Since June of 2016, this year’s tenth graders have been working to complete their Personal Project, a self-directed assessment comprised of a product, a process journal, and a final report. The possibilities that students can pursue in their projects are endless, and this year, we have seen projects ranging from study guides for high school students to violin compositions, original novels, and musical fundraisers.

This year-long work is a weighty project for Grade 10s, and some students cannot deny that the pressure was challenging to overcome. Grade 10 student Thanh Le said: “When the deadline was close, it haunted my every waking moment. I had a nightmare about me losing all my sources for PP. I lost my focus for some classes … which led to me being unproductive”.  

Another Grade 10 student Jason Jolink said: “The inescapable antagonist of this long-term project, like any other, is procrastination”.

Annika Moore said, “In the last few weeks before the final deadline, I had very little free time and wasn’t able to relax during the weekends.”

While the Personal Project brought severe stress to some students, others have wise words to share about their success in time management. “The Personal Project didn’t affect my grades too badly – it was all just about time management,” said Bea Campilan. “I worked on it a little bit week by week, and if I had nothing else productive to do, I’d focus on getting a lot done.”

Other students used their time during summer break to get work done. Max Knight said, “I completed my project largely during the summer break, and was thus relieved from the pressures of juggling schoolwork and the PP”.  

Students were free to create any kind of product they wanted. “My Personal Project was about providing music as a form of relaxation for those in Vietnam who might not have easy access to music or chances to unwind. I decided that this would be my topic because of my passion for music and performance. I wanted to give others in the Hanoi community a chance to experience the health benefits of music that I had experienced,” said Mikaela Fenn. On the other hand, Annika Moore said that: “For my personal project, I wrote a study skills guide for students entering high school. I chose this topic because I had some experience with the problem. I was also really interested in the science behind thinking and learning, so it was a good way to explore that.”

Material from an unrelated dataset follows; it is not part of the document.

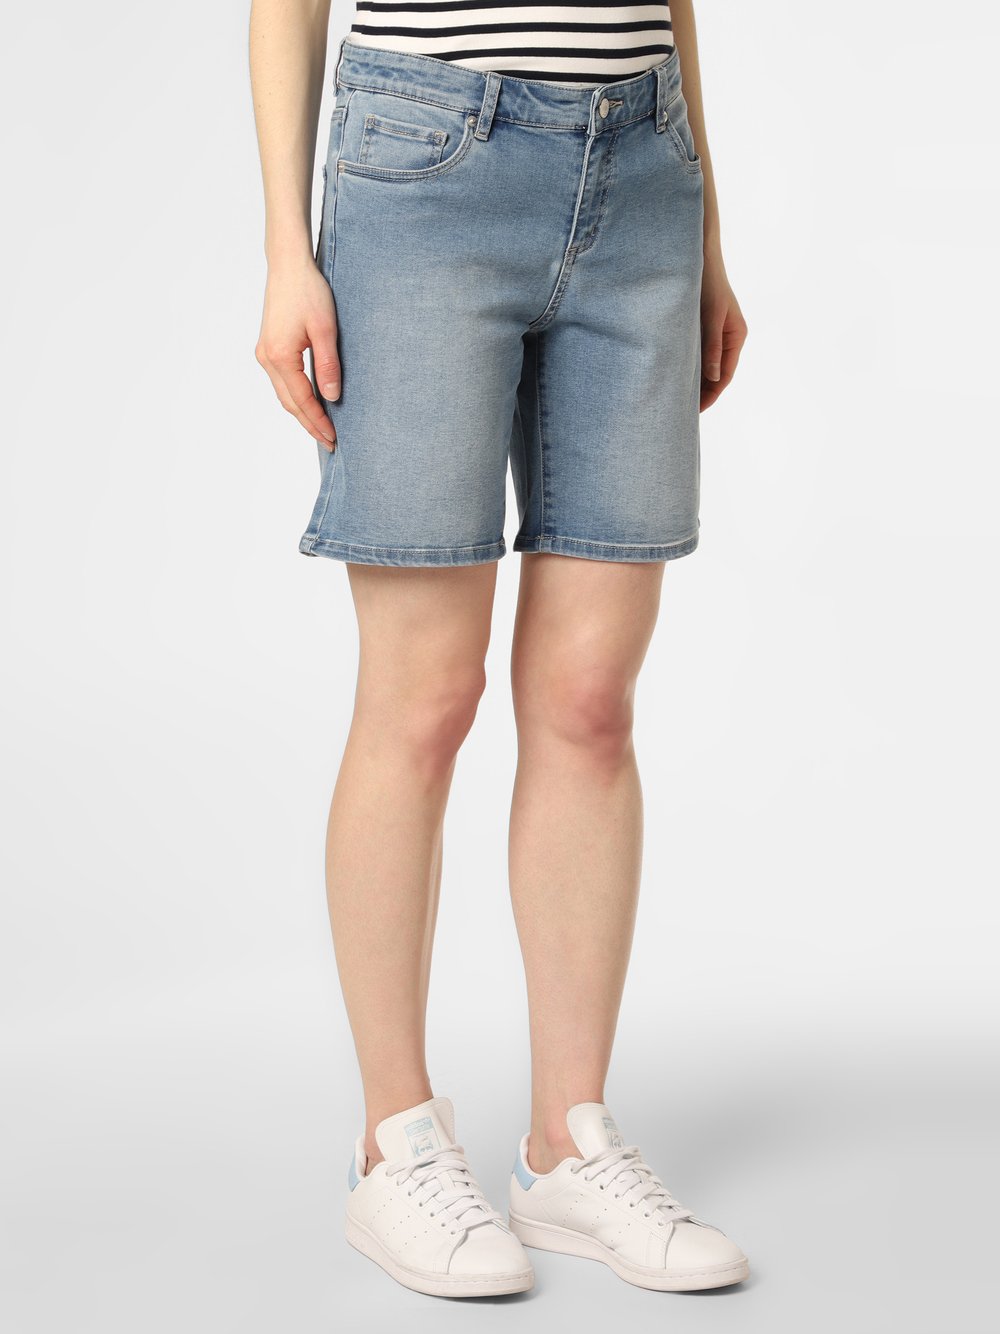 Marie Lund - Damskie krótkie spodenki jeansowe, niebieski

The Grade 10 students were also assigned supervisors to work with throughout their project. Supervisors are teachers who have the role of giving students advice and guidance through some of the obstacles that students face, while helping their learning as well. Many students agreed that their supervisors were helpful and supportive. Annika said: “My supervisor was really helpful. I was able to get answers to my questions and have someone to support and guide me through the project. Because I had never had a project this big before, it was really helpful to have the support of my supervisor throughout the whole process.” Her thoughts seem to mirror those of other students: Jason said, “my supervisor was quite helpful because he didn’t ‘sugarcoat’ things and was blunt which allowed me to have an easier understanding of where I was and especially what I needed to do to be successful.” Not only did the supervisors provide help but other teachers also offered assistance and guidance when needed. Totti Ybarra said: “My supervisor was quite helpful, however; he was not my only support system. Other teachers were able to give me advice and help me improve.” Max also said, “My supervisor, Ms Wells, was extremely helpful, even enlisting the aid of Mr Robinson; together, they read through my second manuscript, providing invaluable comments and suggestions. They both often helped me with the report and getting through the process in general.” It seems that the overall experience of working with a teacher was positive; Mikaela said “[My supervisor] helped me succeed.”

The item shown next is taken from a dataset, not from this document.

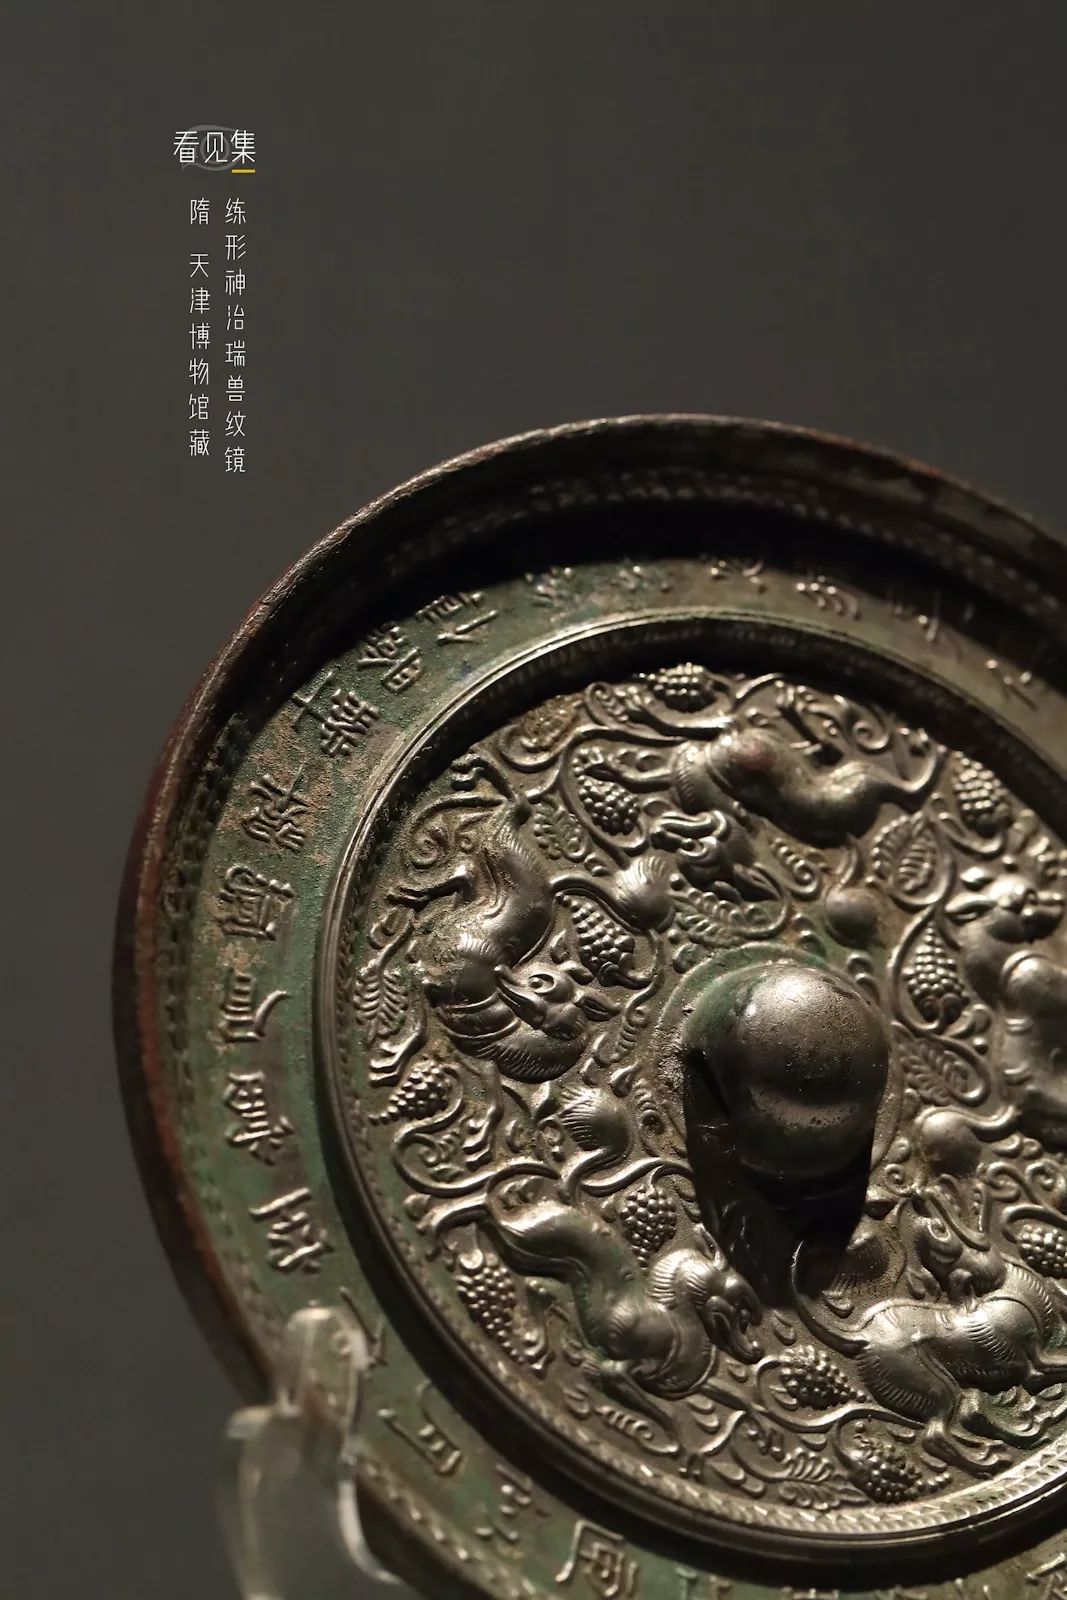 《古董局中局》里那面唐海兽葡萄纹铜镜找到了

I was lucky to have the opportunity to visit the Personal Project exhibition where I saw students presenting their final products to parents, teachers, and peers, passionately explaining the work they had done and how they had created their products. As a grade 9 student, I will soon embark on my own Personal Project journey so I found the advice of grade 10 students useful on how to do well during the stressful PP months. “Don’t be scared of your personal project,” said Mikaela. “If you are a hard worker, reflector, and are open to trying new things, you will be fine. If you work on your project a little bit every day, seek help when you need it, and have fun, you will succeed.” Max said “Pick something you enjoy. If you do not enjoy that which you will spend a long time working on, you may be unhappy. It’s a bit like that Confucius quote, “choose a job you love, and you’ll never have to work a day in your life”… The same applies for this.”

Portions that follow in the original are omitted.